### SOURCE RECORDS
****************

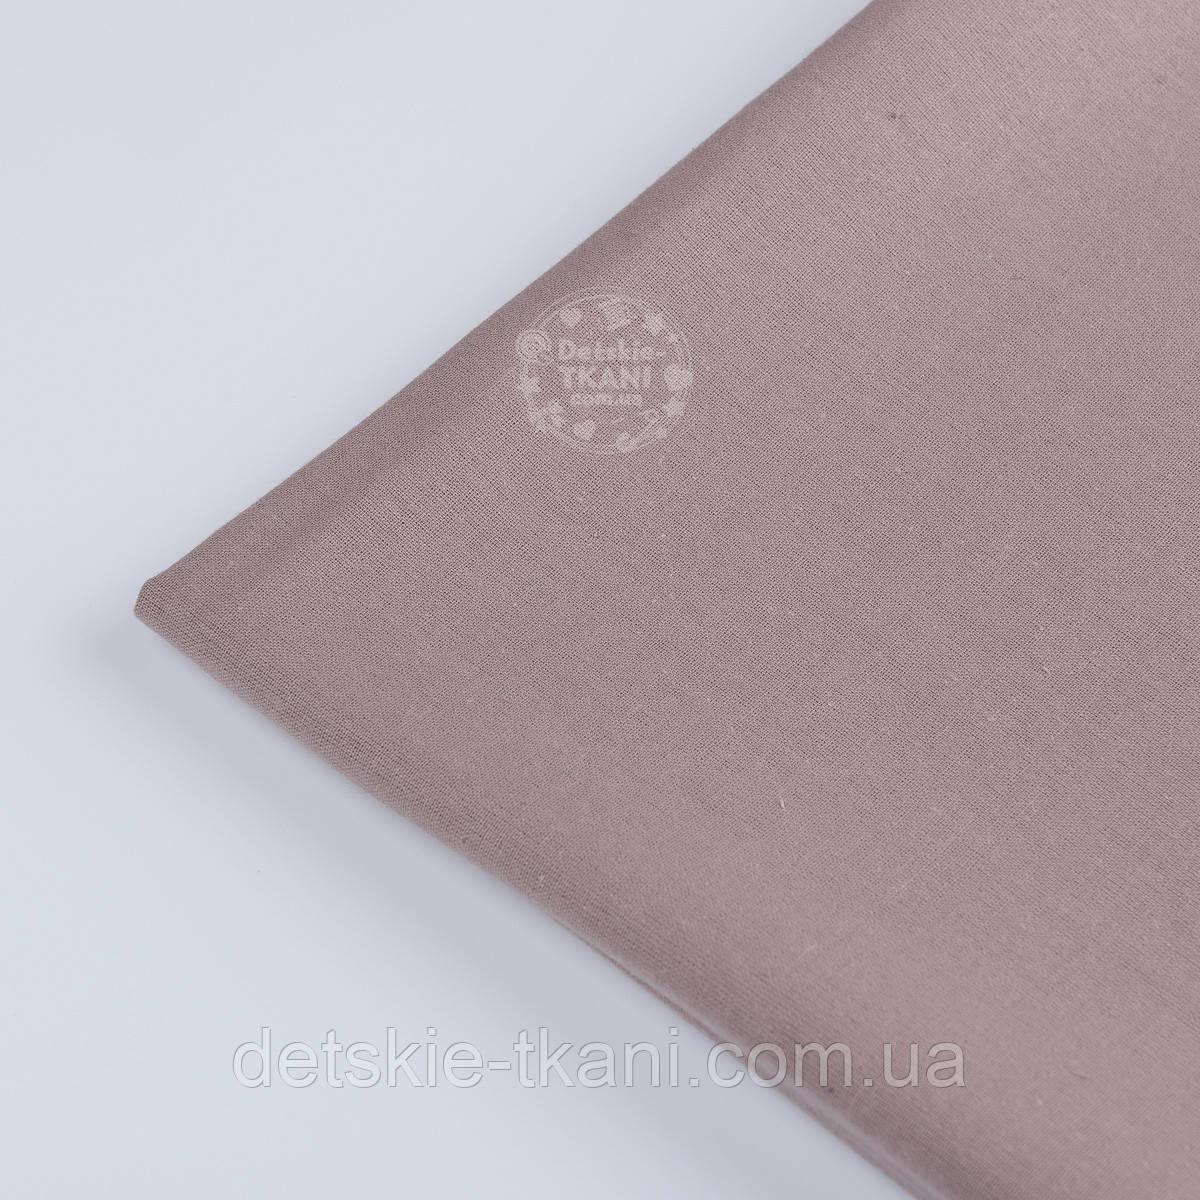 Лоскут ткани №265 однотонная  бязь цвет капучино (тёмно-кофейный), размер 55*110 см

****************

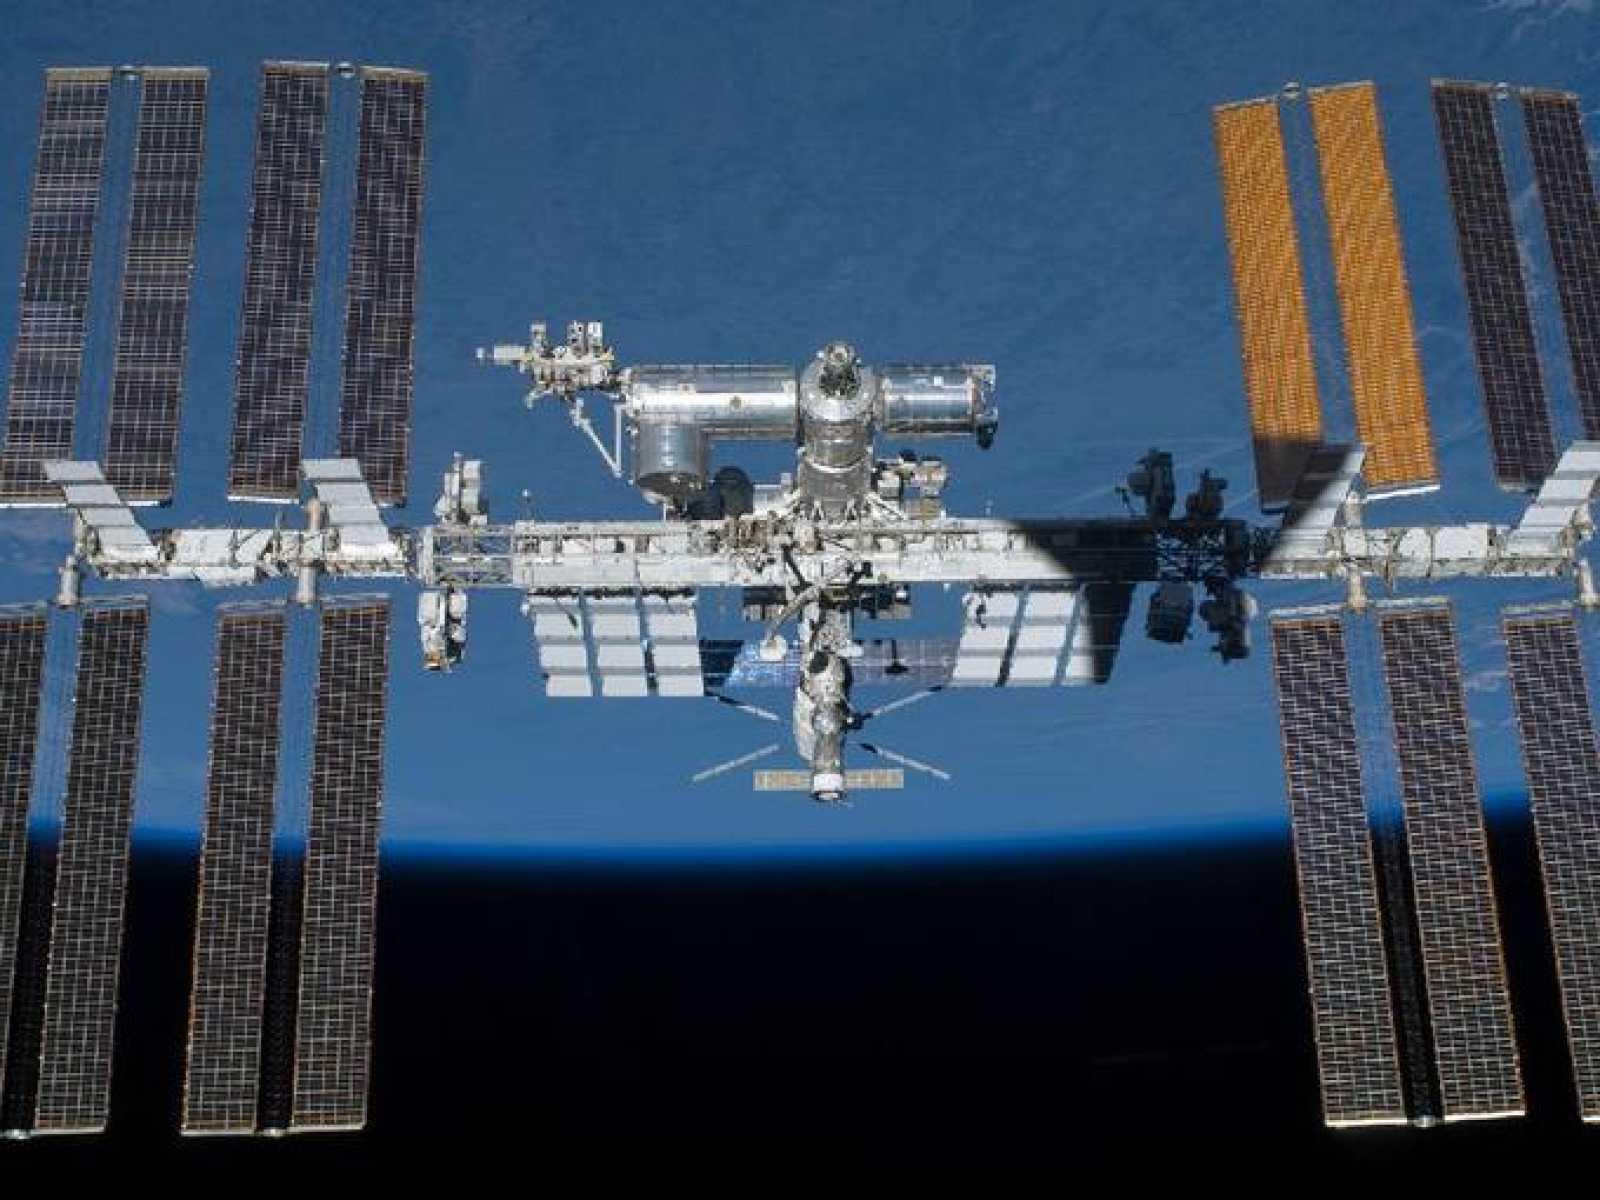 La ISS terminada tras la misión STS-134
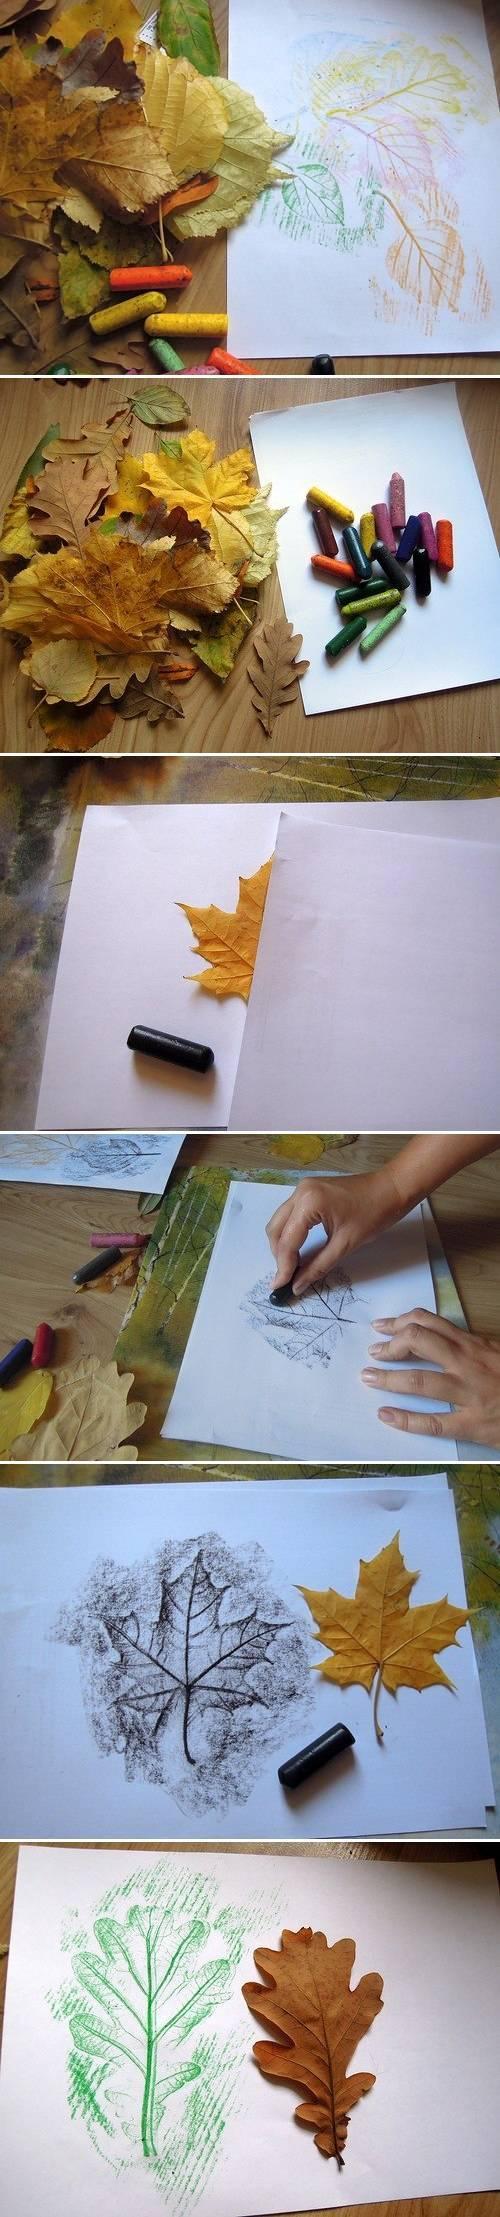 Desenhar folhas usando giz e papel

****************

### TASK TO COMPLETE
With the pictures removed from your copy, retype the lines above from the one that contains "La ISS terminada tras la misión STS-134" through the one that contains "Desenhar folhas usando giz e papel", exactly.

### ANSWER BELOW
 La ISS terminada tras la misión STS-134
 Desenhar folhas usando giz e papel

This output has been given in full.